Could even be someone you invited out there once that wanted to come back w/o you knowing.....


----------



## littlewolf (Jan 17, 2014)

Simple. Their picture was on it.


----------



## Wild Turkey (Jan 17, 2014)

probably one of your buddies stopped to take a #1/#2 and then noticed camera. Took card to keep you from throwing up.

Happened to me but he didnt see the camera. Shocking to say the least. But now I have some bribe footage for his next birthday.


----------



## sinclair1 (Jan 17, 2014)

They probably don't steal for gain, but the picture would be easy to recognize around town or by you, so they resorted to theft to cover that they had trespassed. 

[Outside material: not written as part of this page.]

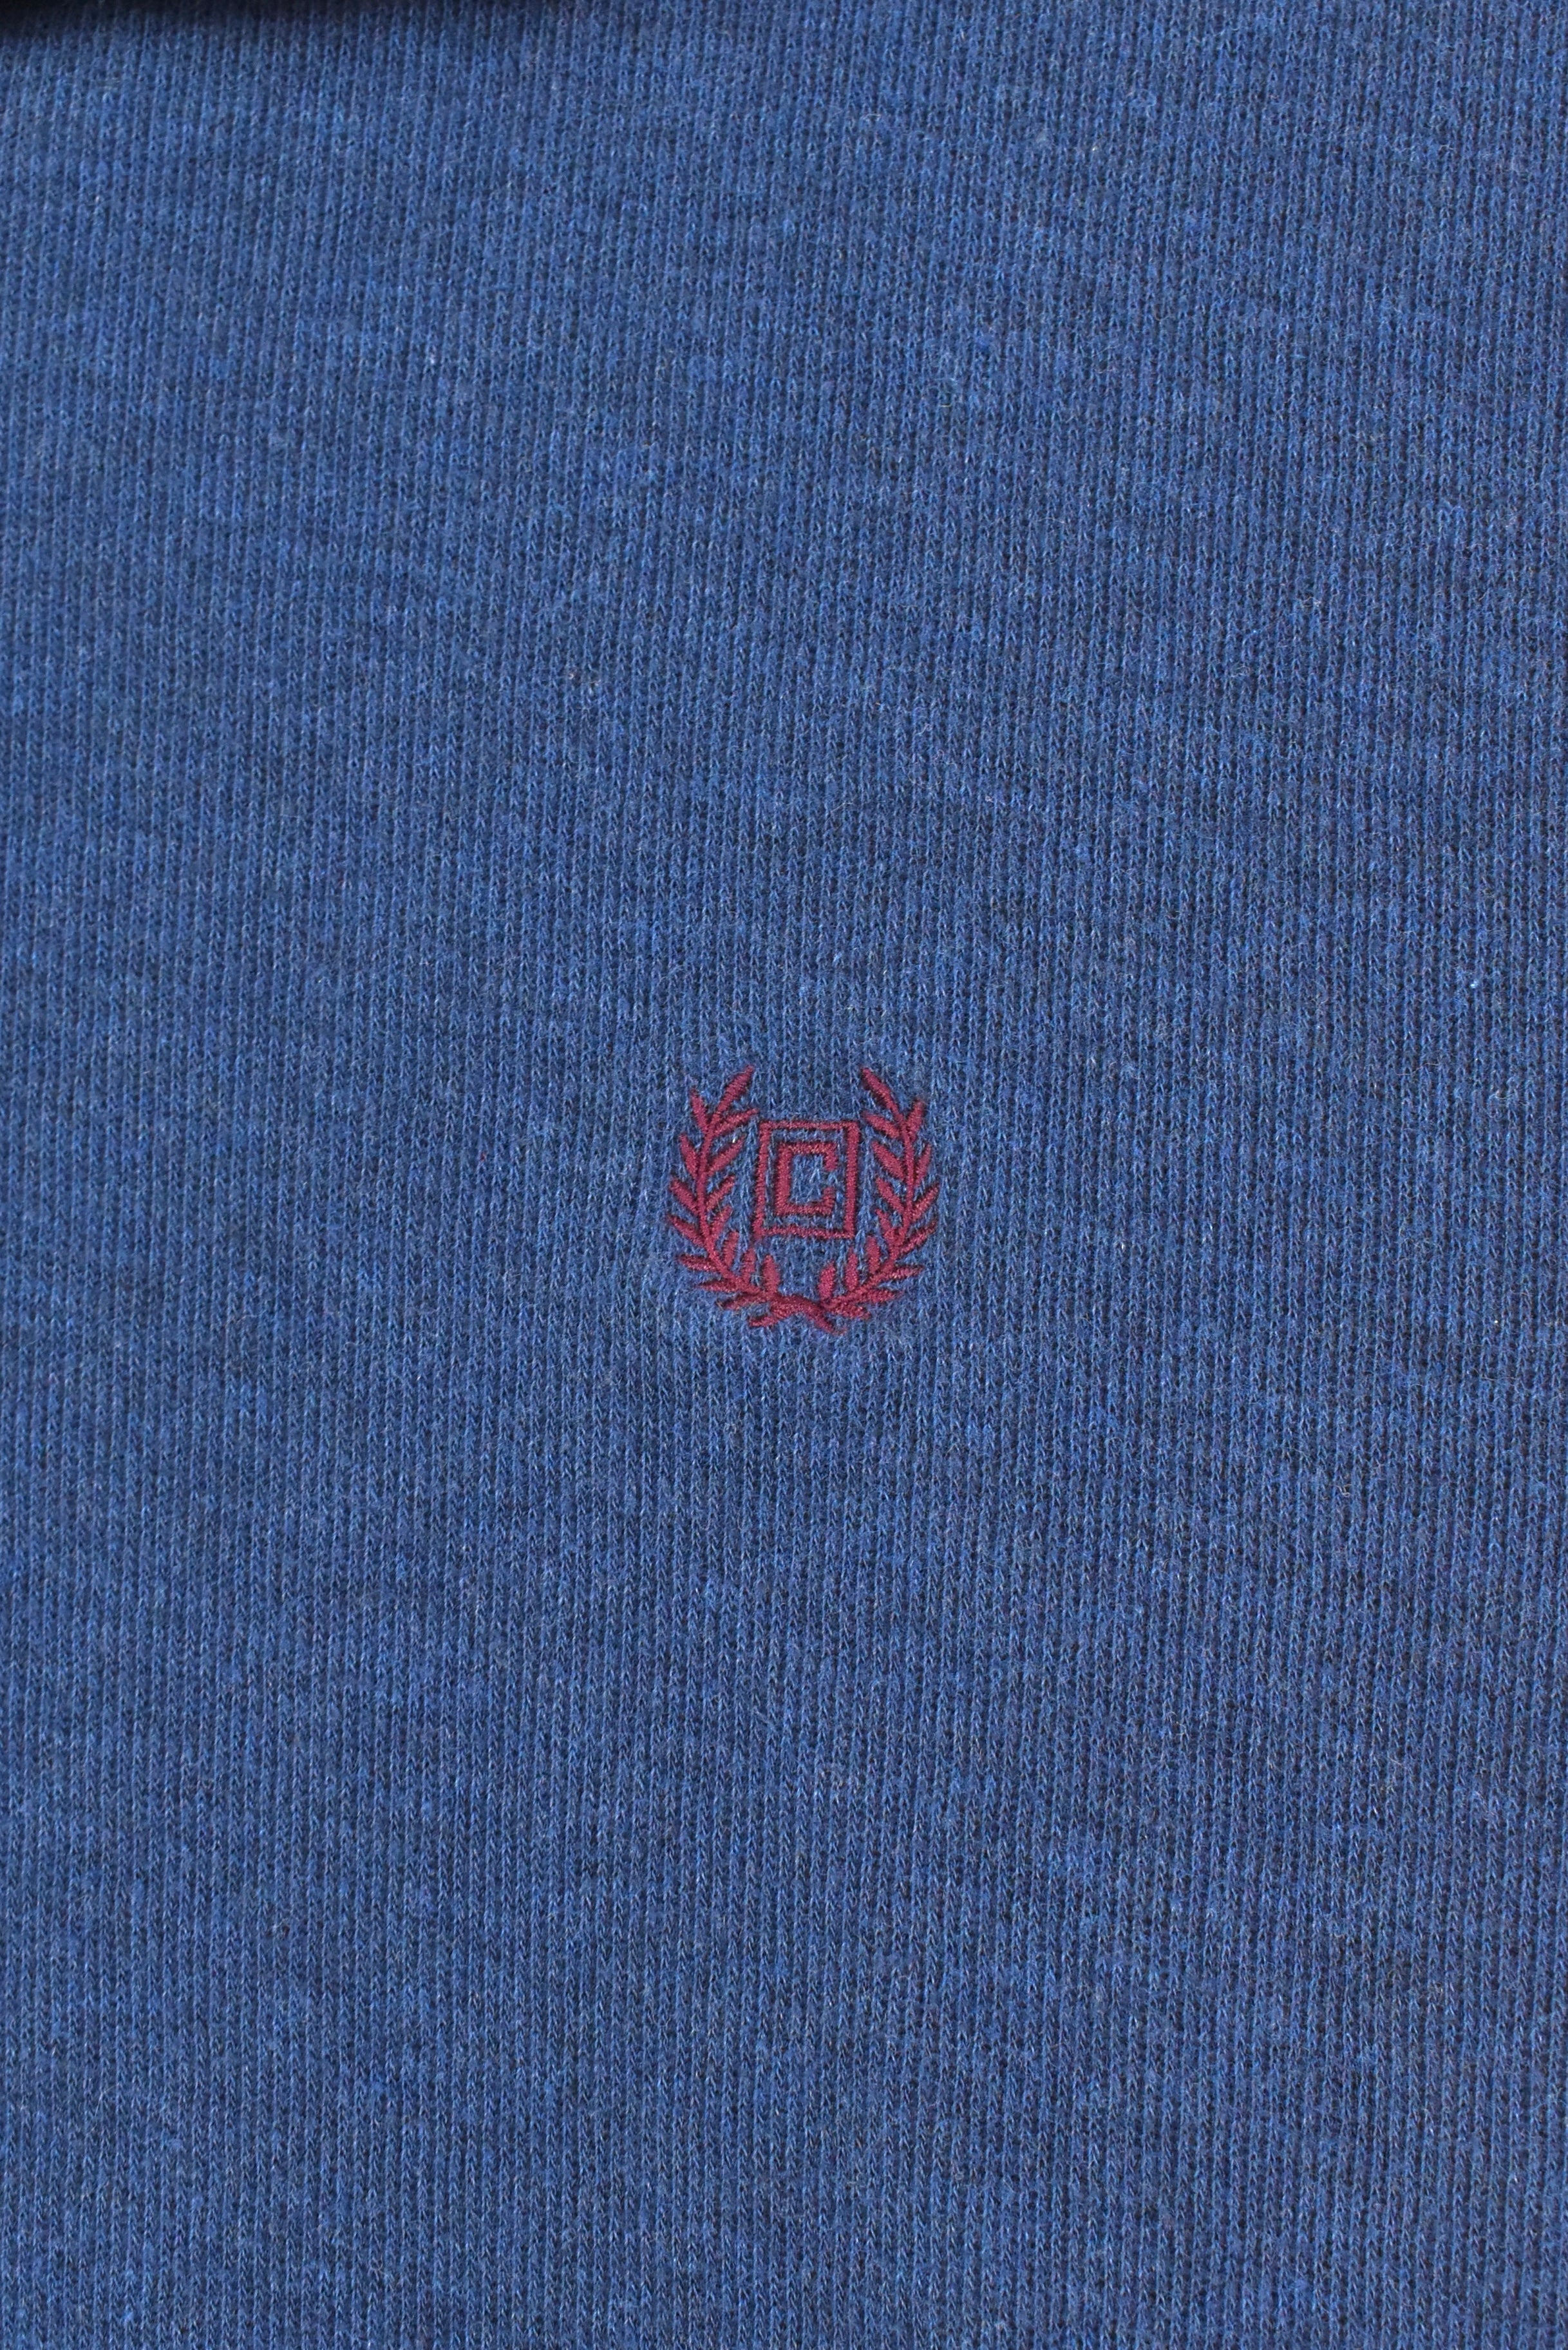 Vintage Ralph Lauren sweatshirt, Chaps embroidered 1/4 zip jumper - large, navy blue RALPH LAUREN

These type folks are common, just like the guy who backs into your truck and drives away.


----------



## ssminnow (Jan 17, 2014)

Sounds like the most logical explanation. Just this year someone started hunting a neighboring property. Its the only property that I don't know the neighbors personally bc its part of an unfinished housing development. 

well, they gonna have to climb a tree to get the next one... 

Many thanks for the feedback


----------



## Ohoopee Tusker (Jan 17, 2014)

Just a thought, but if they were worried about their picture being on it, couldn't they have just deleted the card while it was in the game camera.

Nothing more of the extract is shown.